Différences de règles. Ces différences de règles entre régimes portent tant sur le montant que sur les conditions d'attribution de la pension de réversion :

- chaque ayant cause d'un régime spécial peut bénéficier de 50 % de la pension du conjoint décédé. Le montant de la pension de réversion du régime général de base varie quant à elle en fonction des ressources de l'ayant cause : le taux de réversion peut varier de 60 % à 54 %, la pension pouvant également être écrêtée si ses revenus dépassent 1 634,53 euros par mois en 2014 pour une personne seule et 2 615,25 euros par mois pour un ménage. Les ayants cause disposant de revenus élevés bénéficient en revanche de la pension de réversion AGIRC-ARRCO qui n'est pas soumise à des conditions de ressources et est égale à 60 % de la pension AGIRC-ARRCO du conjoint décédé ;

- le versement de la pension de réversion des régimes spéciaux est subordonné à la situation maritale de l'ayant cause (la pension est suspendue s'il vit en état de concubinage notoire ou s'il s'est remarié) et à des conditions d'antériorité du mariage.
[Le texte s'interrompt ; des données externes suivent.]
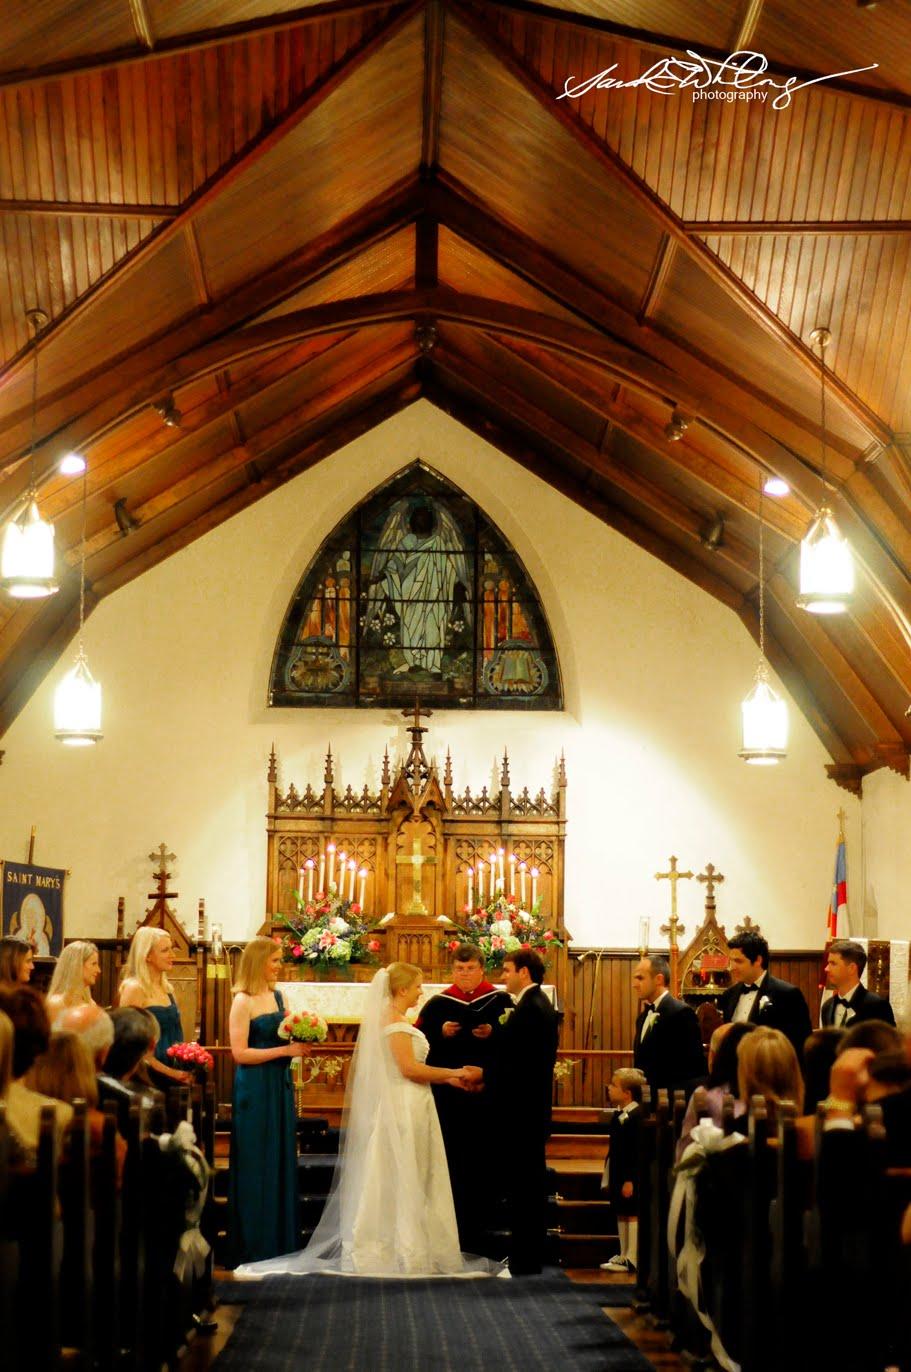 escort i Jylland sisters chapel næstved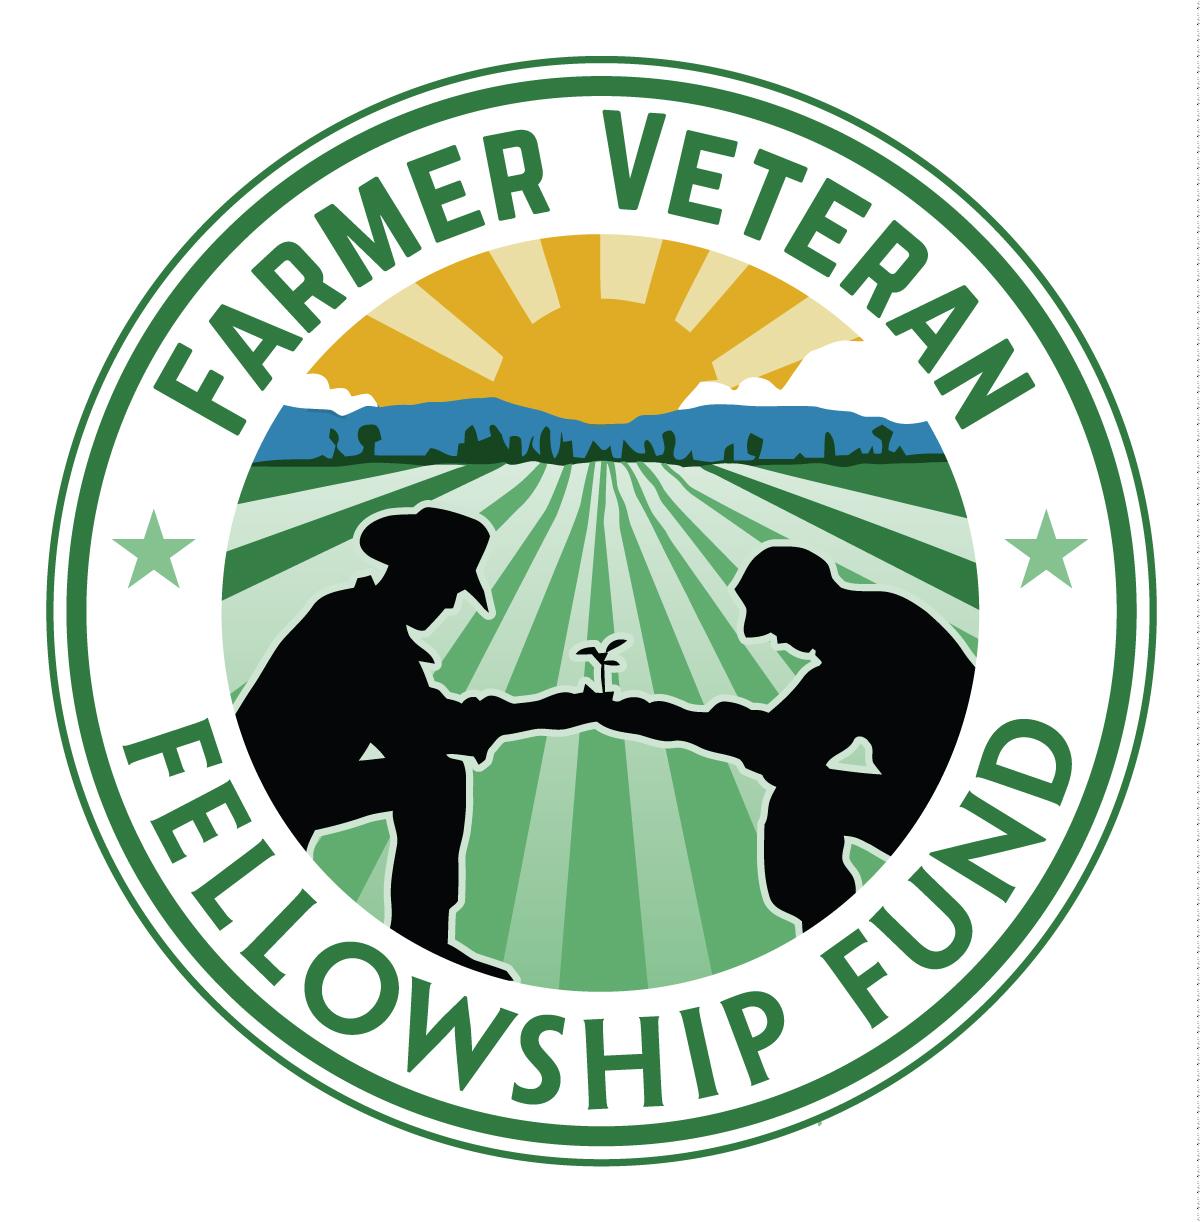 Farmer Veteran Fellowship Fund to Begin Accepting Applications February 1

Ces conditions n'existent pas dans le régime général qui se fonde avant tout sur les ressources de l'ayant cause. Elles sont présentes en revanche à l'AGIRC et à l'ARRCO. Le régime général et l'AGIRC-ARRCO appliquent de plus une condition d'âge : le bénéficiaire d'une pension de réversion ne peut percevoir cette pension qu'à partir de 55 ans, l'assuré pouvant prétendre à l'assurance veuvage avant cet âge.

Pourquoi un rapport ? Les règles de la réversion présentent ainsi des différences notables entre les régimes, sans qu'il soit possible de conclure au caractère globalement avantageux d'un système par rapport à l'autre. Face à cette situation, le législateur a demandé, précise le gouvernement, la rédaction d'un rapport sur les avantages conjugaux, dans une double intention :

- établir un état des lieux de la réversion dans l'ensemble des régimes de retraite de base et complémentaires au regard des objectifs de cette prestation ainsi que son articulation avec d'autres prestations veuvage ;

- proposer, en fonction des objectifs assignés à la pension de réversion, des pistes d'évolution portant notamment sur une plus grande convergence des paramètres d'ouverture du droit à pension de réversion et de calcul des droits servis et d'une meilleure prise en compte du niveau de vie des conjoints survivants.

Un travail approfondi d'analyse est en cours de réalisation, en raison de la complexité des règles, des situations différenciées qu'elles induisent et du poids des dispositifs de réversion. Tous régimes confondus, 4,2 millions de personnes étaient titulaires d'une pension de retraite de droit dérivé au 31 décembre 2011. Parmi ces retraités, 1,1 million de personnes percevaient uniquement une pension au titre de la réversion conclut le Ministre.